Lady Gaga, Lady Nightshade, Crayon Pop Toyota Center July 16, 2014
For a good handful of years there, there was no question who reigned as pop music's auteur supreme. Arriving as if from some stranger, sillier and downright gayer dimension than our own, a chameleonic diva calling herself Lady Gaga took the charts by storm by bidding the planet to "Just Dance," and dance we did.
She hatched from an egg at the Grammys. She wore a dress made of meat. And her music went into heavy rotation at discos and shopping malls the world over. A new pop icon -- the talented, mutant spawn of Michael Jackson and Madonna -- seemed to be emerging, and it was exciting breath of fresh, Rihanna-free air.
That was then. A couple of middling albums and a few world mega-tours later, and Gaga seems to have been bumped down the pop pecking order a notch or three, teetering on the brink of becoming old hat. While no one doubts her talent for singles and spectacle, could yet another big arena tour from Mama Monster really still compete with Miley's bizarre Bangerz staging, or Beyonce's mechanized perfection? Worse yet, might she actually be committing the unforgivable sin of trying too hard? Reviews (and predictions) have been mixed.
A sellout crowd filled Toyota Center on Wednesday night to find out the truth for themselves. After gamely received opening sets by K-Pop troupe Crayon Pop and synth-and-sequencer custodian Lady Starlight, the mainstream's proudest weirdo ascended at last from a cloud of smoke to reassure fans that she hasn't lost a step.
If her opening suite of tunes from the hard-to-love ARTPOP album didn't quite get folks singing and dancing along right off the bat, Gaga certainly gave her audience a lot of cool stuff to look at. Clad in expectedly odd, fuzzy wings, the songstress Clydesdale-walked confidently across the multiple catwalks of her Fortress of Solitude stage set, backed by a five-piece band and at least a dozen dancers. As camera phones lit up the arena from the floor to the rafters, there was little question that Lady Gaga's formidable aura of star power remains largely undiminished.
It took the welcome eruption of her debut smash "Just Dance" to really put the Toyota Center in her pocket, however. After following it up with a triple stack of early hits "Poker Face," "Telephone" and "Paparazzi," Gaga could have finished the night off with a slate of acoustic Creed covers and still left Houston a hero to her legion of enthusiastic, cosplaying fans.
As she worked through the second-half mixture of new and old tunes, the pop star worked hard to make those fans a part of the show.

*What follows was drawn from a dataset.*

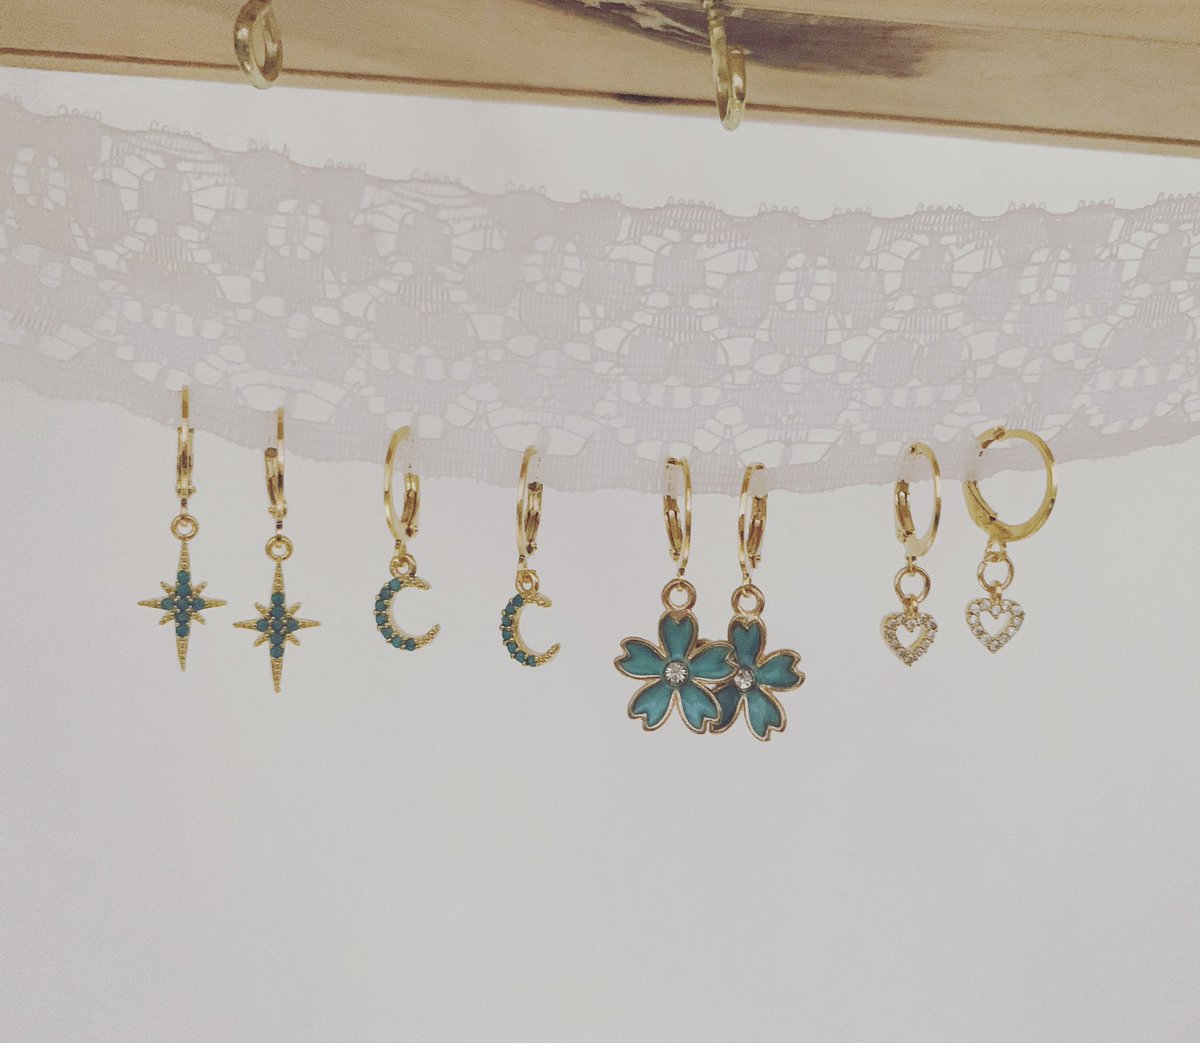 Growing gold hoop collection #jewellery #jewelry #goldhoops #northstarjewelry #cubiczirconiajewelry #cubiczirconiaearrings #cubiczirconiahearts #moonhoops #turquoisejewelry #turquoisemoon #turquoisestar #flowerhoop #enamelflowers
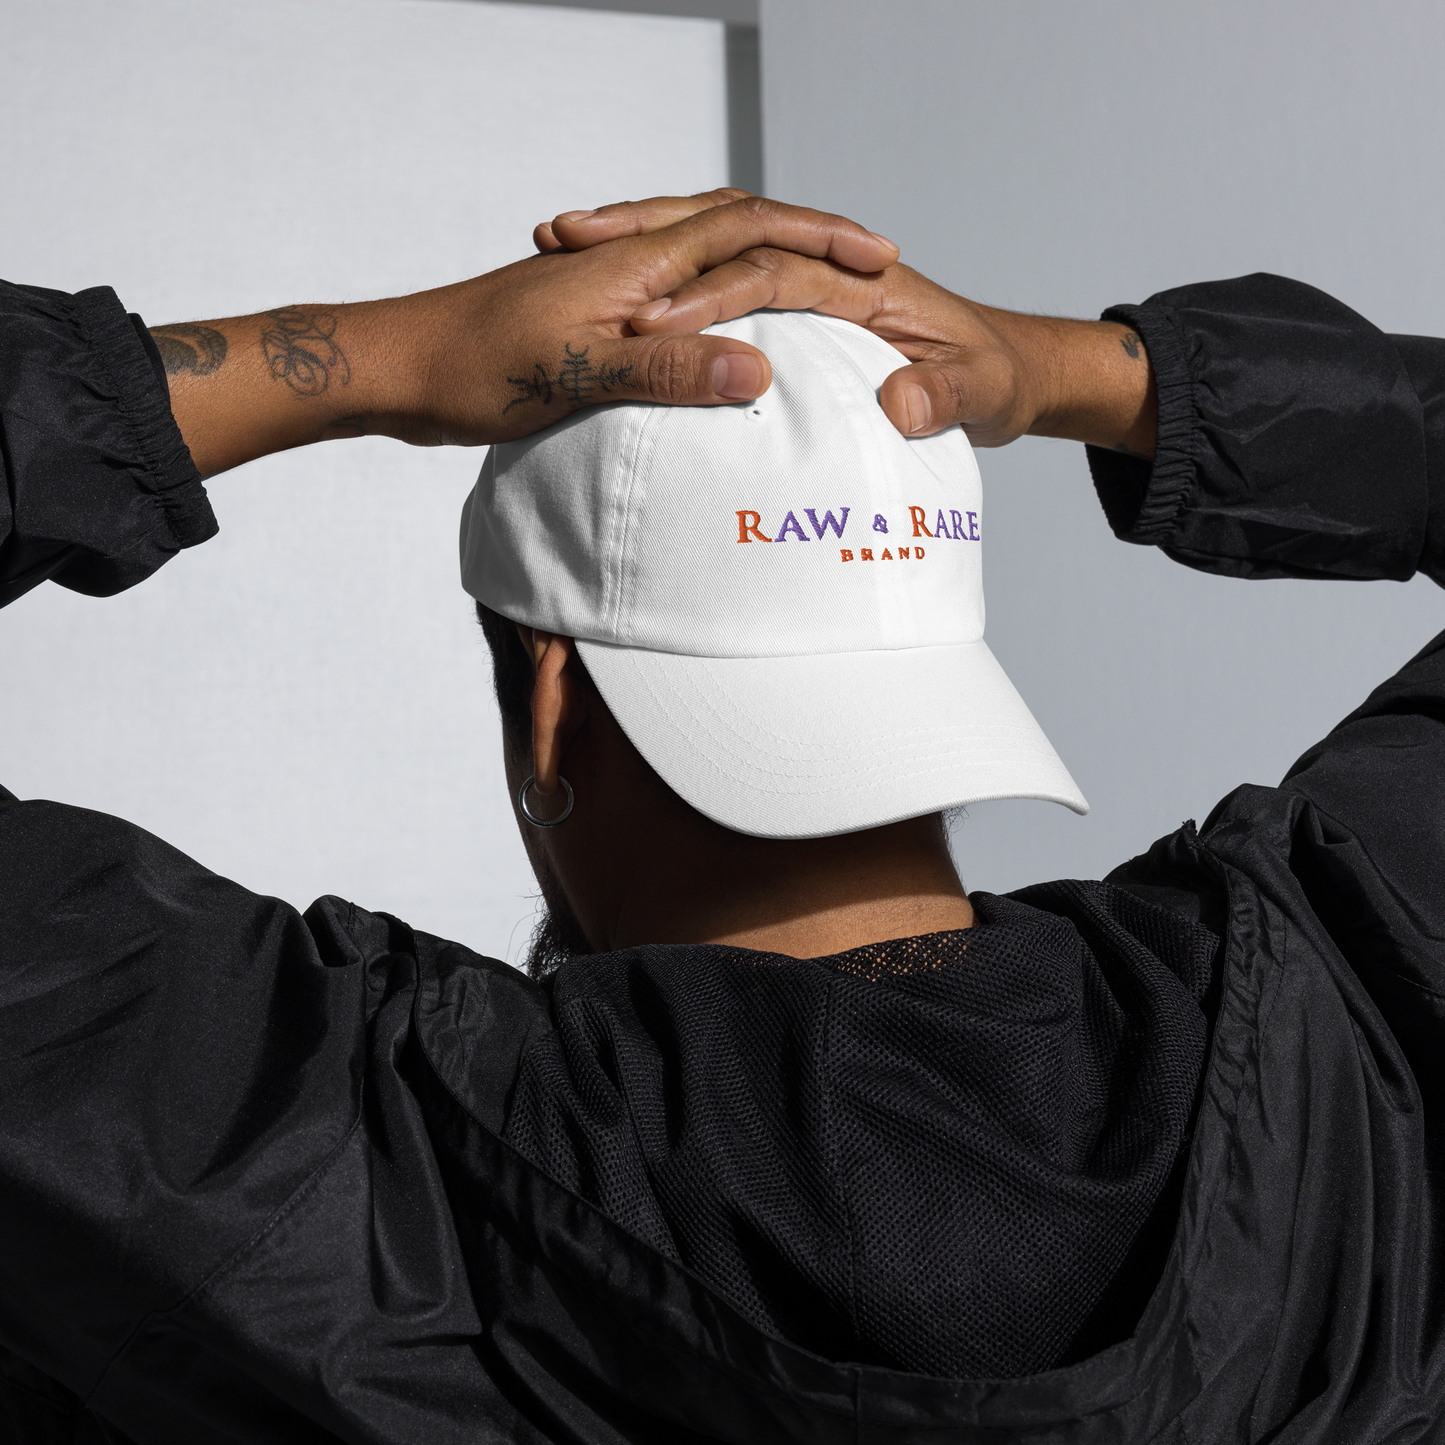 Raw & Rare Brand Dad Hat

All night, her stage banter was packed full of positive affirmations encouraging audience members to be themselves at all times and embrace one another as kindred souls. Eschewing the untouchable-icon act that has served her forebears (and some contemporaries) so well, Lady Gaga seemed to long to be just one face in the fun, freakish crowd, bringing outrageously dressed fans up onstage to boogie beside her and even reading a touching letter from a couple of locals thanking her for her inspiring individuality.
As gifts of clothing and plushies rained down on Gaga at every opportunity, one couldn't escape the idea that the songstress is striving to build a laser-studded, traveling community of confetti-inclined oddballs -- something like an arch-pop version of a Grateful Dead tour. She doesn't appear to be trying to conquer the world so much as create a friendlier, freakier alternative world for her fans to inhabit, if only for one night at a time.
Story continues on the next page.
Maybe that's the only kind of world in which Lady Gaga feels truly comfortable. Surrounded by many thousands of her closest strangers, she felt comfortable enough to let it all hang out literally when she indulged in one of her many costume changes right there in the middle of the stage, peeling off the wig and bustier in front of everybody.
As she tore through "Bad Romance" and "Applause" with the confetti cannon on full blast, it was hard to imagine that the Lady is losing her touch. It felt more like she was happily retreating into the many arenas packed full of adoring crowds ready to support her every move. Yes, she's finding it difficult to top her monster debut. So what? Hard to hear much criticism over all that screaming and cheering.
Personal Bias: There is only one Madonna.
The Crowd: Large and colorful.
Overheard in the Crowd: "Work, bitch! Work! We love youuu!"
Random Notebook Dump: There were a number of hits that would have been far more ecstatically received that most of the ARTPOP stuff. But it's hard to criticize a show for what it wasn't.